Last Saturday morning I found myself in a room full of my Baptiste brothers and sisters at the beginning of a two day immersion: Advanced Art of Assisting (AAOA). After a sweaty practice led by studio owner Gregor and senior Baptiste teacher Brandon, we sat together as sweaty yogis and were asked to tell them why it was we came to AAOA. A brave woman stood up and told Brandon that she was here to gain knowledge and learn deeper assists. After a pause that lasted five seconds too long, Brandon replied,
"Knowledge? You're here for knowledge? Well, you're not gonna get knowledge."
(Imagine everything he says in the thickest Massachusetts accent you've ever heard.) Followed by even more ambiguity,
"But you will get what you came here for."
Rather than picking apart his jarring statement or trying to define my deep and thoughtful desire for coming to AAOA, I decided I'd trust in his words and see what opened up for me. By the end of day one I had my very first Baptiste inspired revelation (that I hope is the start of many more)! Throughout that Saturday we were each partnered with someone new for every assist.

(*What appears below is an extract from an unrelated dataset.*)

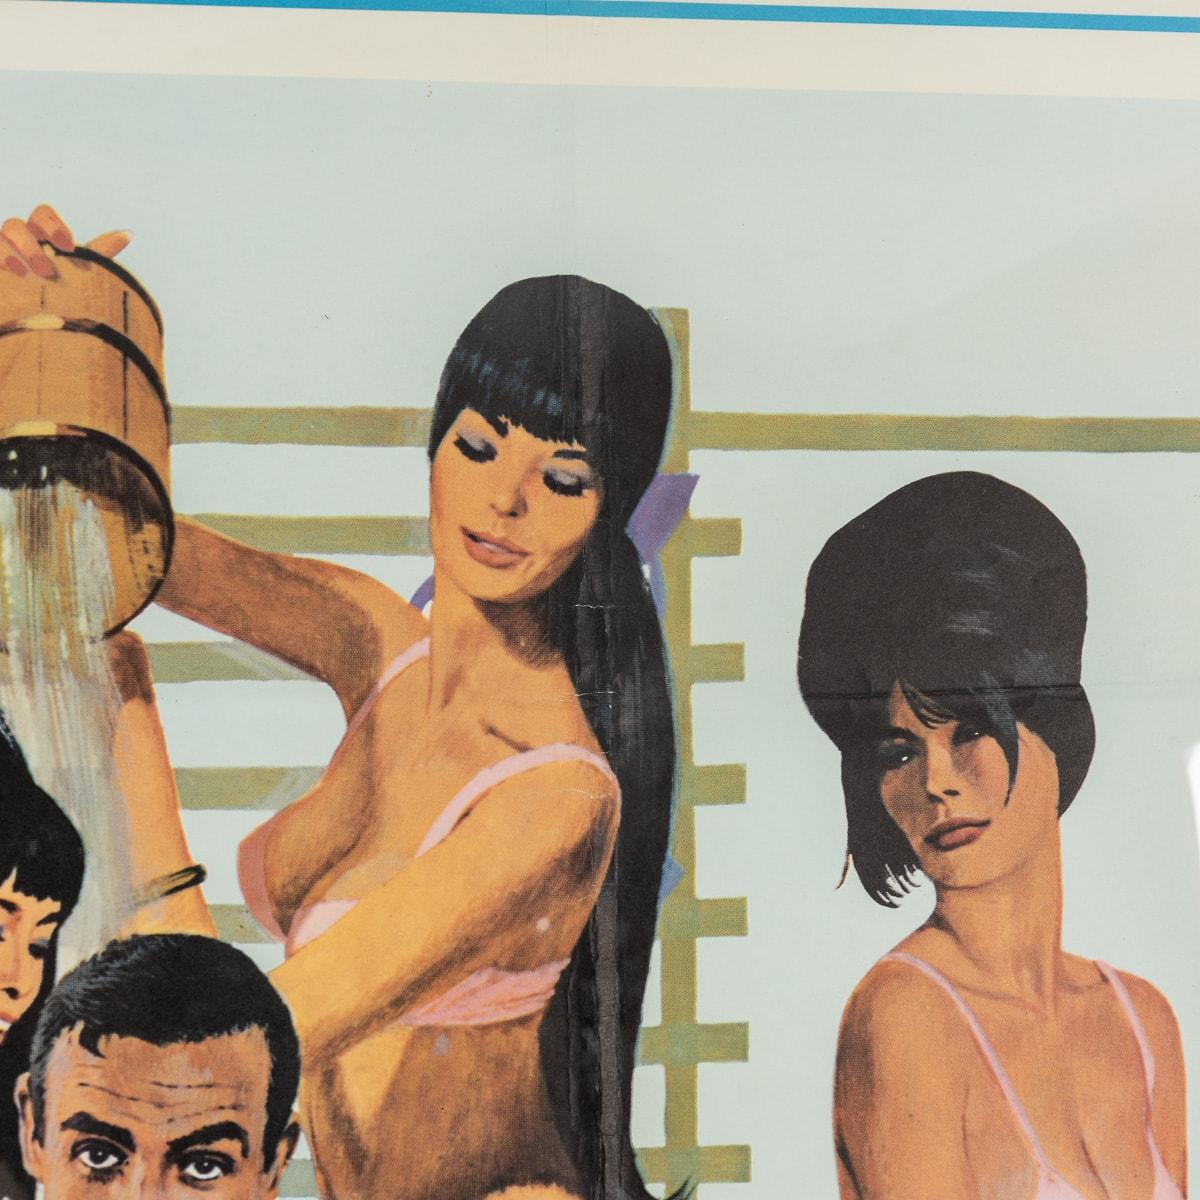 Original U.S Release James Bond 007 'You Only Live Twice' Subway C Poster c.1967 For Sale 6

As my partners continued to change, I began to realize I was a different assistant with each person: when someone met me with nerves and hesitation I was confident and ready to teach, but when someone came to me with that same confidence I immediately regressed to a place within myself filled with nerves and hesitation. By the end of that night, when asked what was holding us back from being fully present, I realized—I have been (in the past because I am letting it go right here in the present) easily intimidated. Suddenly my eyes burst opened and I realized that was not only a fact of my assisting but a fact of my entire life. (Who knew?!)
I believe that it was in that moment that I became an "advanced" assistant; it was in that moment that I realized what Brandon meant about not gaining knowledge. I had already known all of this. Everything I had come to AAOA for, everything I wanted to learn, was not something that could be taught to me. I discovered strengths in me that already existed—it was just a matter of removing the rocks in order to uncover them. I walked into day two not worrying about what I already knew about yoga or anatomy or alignment; not concerning myself about the knowledge of the person I was assisting; but instead, I placed my hands (hands filled with love and support) on the body that was put in front of me and gave was needed.
At the end of our time together, Jason (a new and inspiring Baptiste friend of mine) stood up and spoke the most powerful words I had heard all weekend,
"You don't have to give a deep assist to touch someone deeply."
And with that we became advanced assistants.